You ought to have started on May 24th. Being good-natured, I waited till June 1st, as if a pretty woman would give up her habits, her friends, both Madame Tallien and a dinner with Barras, and the acting of a new play, and Fortune; yes, Fortune, whom you love much more than your husband, for whom you have only a little of the esteem, and a share of that benevolence with which your heart abounds. Every day I count up your misdeeds. I lash myself to fury in order to love you no more. Bah, don't I love you the more? In fact, my peerless little mother, I will tell you my secret. Set me at defiance, stay at Paris, have lovers--let everybody know it--never write me a monosyllable!
then I shall love you ten times more for it; and it is not folly, a delirious fever! and I shall not get the better of it. Oh! would to heaven I could get better! but don't tell me you are ill, don't try to justify yourself. Good heavens! you are pardoned. I love you to distraction, and never will my poor heart cease to give all for love.
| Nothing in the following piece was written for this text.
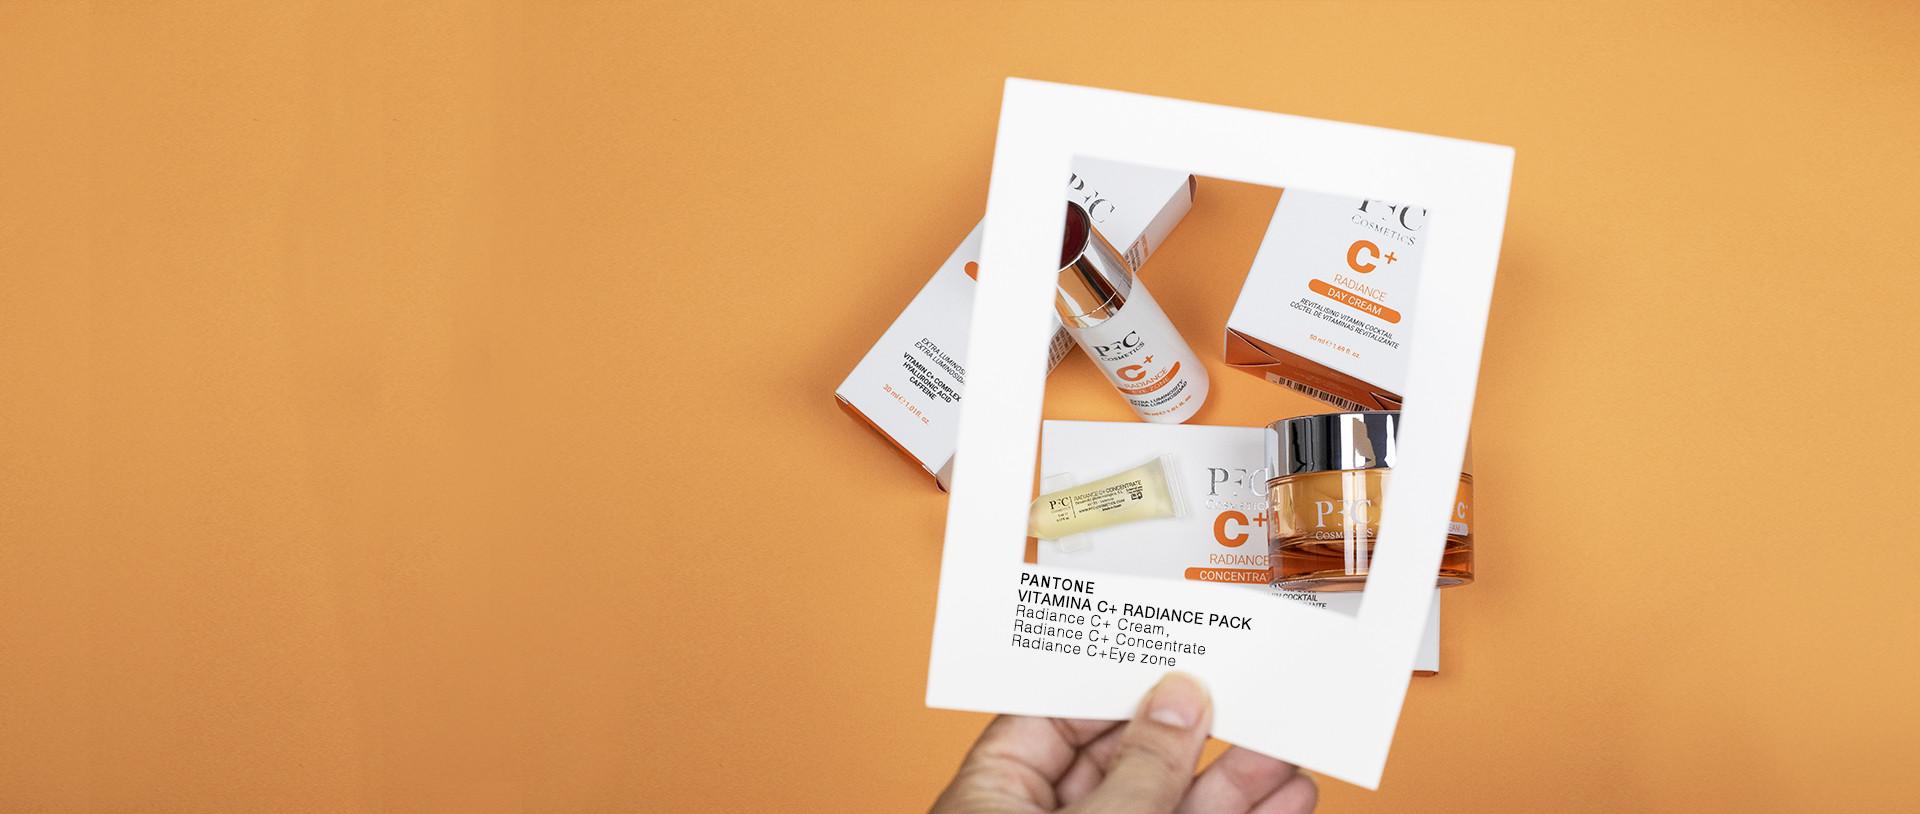 Vitamina C+ Radiance Pack

If you did not love me, my fate would be indeed grotesque. You have not written me; you are ill, you do not come. But you have pa.s.sed Lyons; you will be at Turin on the 28th, at Milan on the 30th, where you will wait for me. You will be in Italy, and I shall be still far from you. Adieu, my well-beloved; a kiss on thy mouth, another on thy heart.
We have made peace with Rome--who gives us money. To-morrow we shall be at Leghorn, and as soon as I can in your arms, at your feet, on your bosom.
_A la citoyenne Bonaparte, &c._
_June 27th.--Leghorn occupied by Murat and Vaubois._
_June 29th.--Surrender of citadel of Milan; 1600 prisoners and 150 cannon taken._
FOOTNOTES
[14] _Un millier de baise_ (sic).
[15] So Tennant (_t'en offrir un_): but Baron Feuillet de Conches, an expert in Napoleonic graphology, renders the expression _t'en souffrir un_.